1.1 Bioinformatics? |
Bioinformatics is a vague, general term used to encompass the use of applied
mathematics to understand experimentally determined oligonucleotide and peptide
sequences. The rapid increase in the size of the world's collection of these
sequences has meant that manual methods are inadequate for the extraction
information or patterns from this data. Therefore, this sequence data must be
interpreted by machines into a form that is compact enough for humans to use it
effectively. Performing this task requires a sophistocated understanding of
computer database technology and some intuition about the biological questions
that might be addressed by finding patterns in the data stored in these
databases. Because the skill sets required to perform this type of directed
analysis are not often found in the same individual, the act of
"bioinformatics" is often carried out in teams of biological researchers and
computational mathematicians working together to solve a problem. This type of
collaborative effort is still in its infancy: it is not a recognized discipline
at the majority of universities, although it is a skill that is currently in
very high demand in industry.
|
1.2 Proteins
What are proteins? |
Proteins are directly responsible for almost all of the metabolic processes
that occur within a cell. Specialized proteins are used for the generation of
structural elements in a cell or an entire organism. The elaborate structure of
DNA in a cell, now referred to as its genome, is meant to record the structure
of an organism’s proteins, both to serve as a template for the construction of
copies of those proteins and to pass that crucial information on to the next
generation. The proteins encoded by a genome can be organized into larger
structures that are used as cellular machinery for performing specific tasks in
a cell, such as transcribing DNA into mRNA into more protein (which requires
several discrete protein-based machines), transporting other molecules through
membranes or automatically repairing damage to cellular subsystems. When
genetic material is passed from one generation to the next, it is also
necessary to pass a complete working set of protein-based machinery for the
reading of the DNA strands and performing all other necessary steps in cell
metabolism.
|
|
Individual proteins are composed of discrete polypeptide chains, called
subunits, that may be linked together either covalently or by the local
structure of the surrounding solvent molecules. The linear sequence of
individual amino acid residues in a particular polypeptide chain is referred to
as the "primary structure" of the polypeptide. This primary structure is what
is directly encoded by an organism’s genome. Also encoded in the genome are the
instructions to make protein-based machines for the express purpose of
modifying particular residues in other proteins.
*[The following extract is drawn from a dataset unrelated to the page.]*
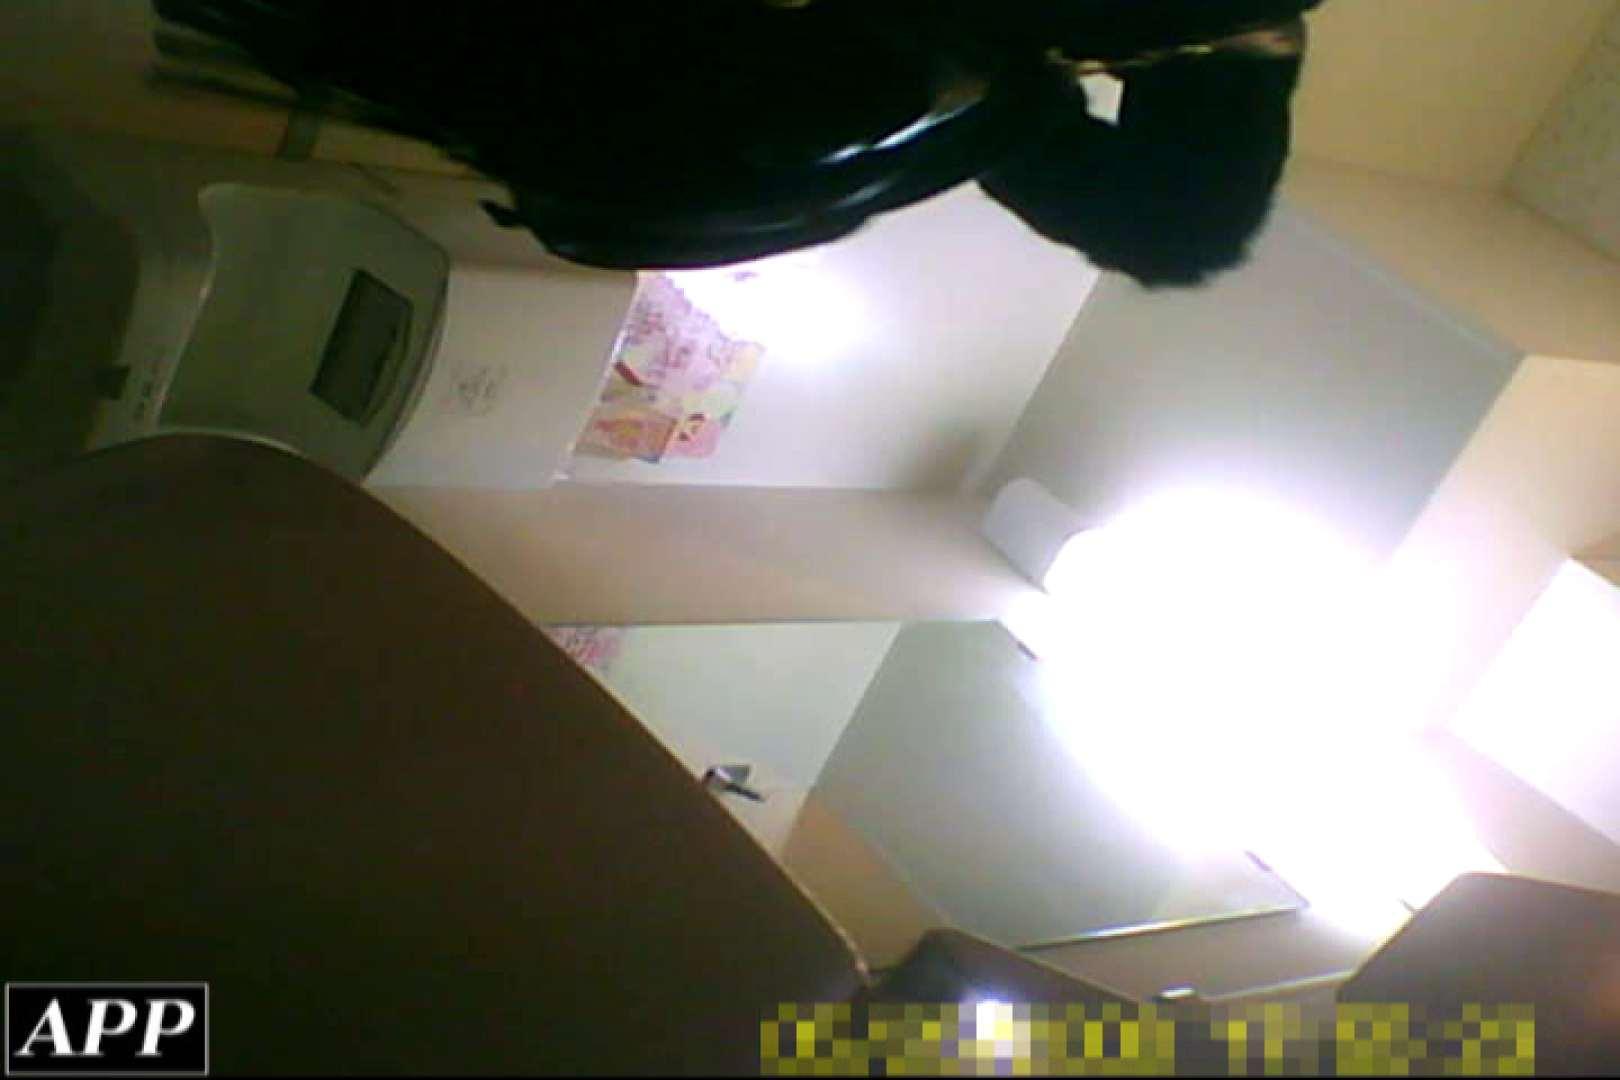 3視点洗面所 vol.63 OLハメ撮り  97Pix 93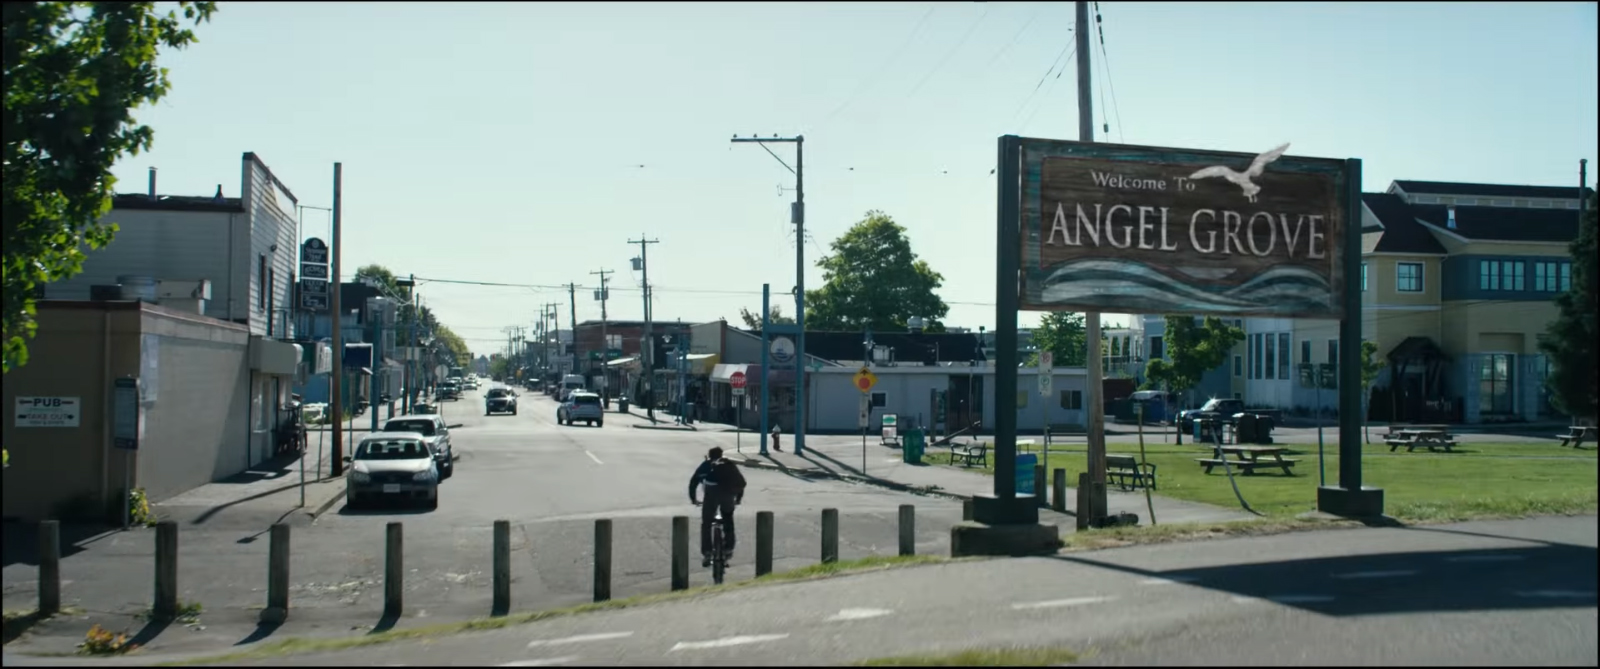 Angel Grove.jpg

These modifications occur
after a polypeptide has been "translated" from the original nucleotide
instructions: therefore they are called "post-translational modifications".
|
1.2.2 Protein sequence databases |
Databases have become the preferred method for storing both polypeptide amino
acid sequences and the nucleotide sequences that code for these polypeptides.
The databases come in a variety of different types, that have advantages and
disadvantages when viewed as the starting place for designing experiments and
investigations.
|
|
While the "database entry" for an amino acid sequence may appear to be a simple
text file to a user browsing for a particular polypeptide, many databases are
being organized into very flexible, complicated structures. The detailed
implementation of the database on a particular system may be based on a
collection of simple text files (a "flat-file" database), a collection of
tables ( a "relational" database) or it may be organized around concepts that
stem from the idea of a protein, gene, or organism (an "object-oriented"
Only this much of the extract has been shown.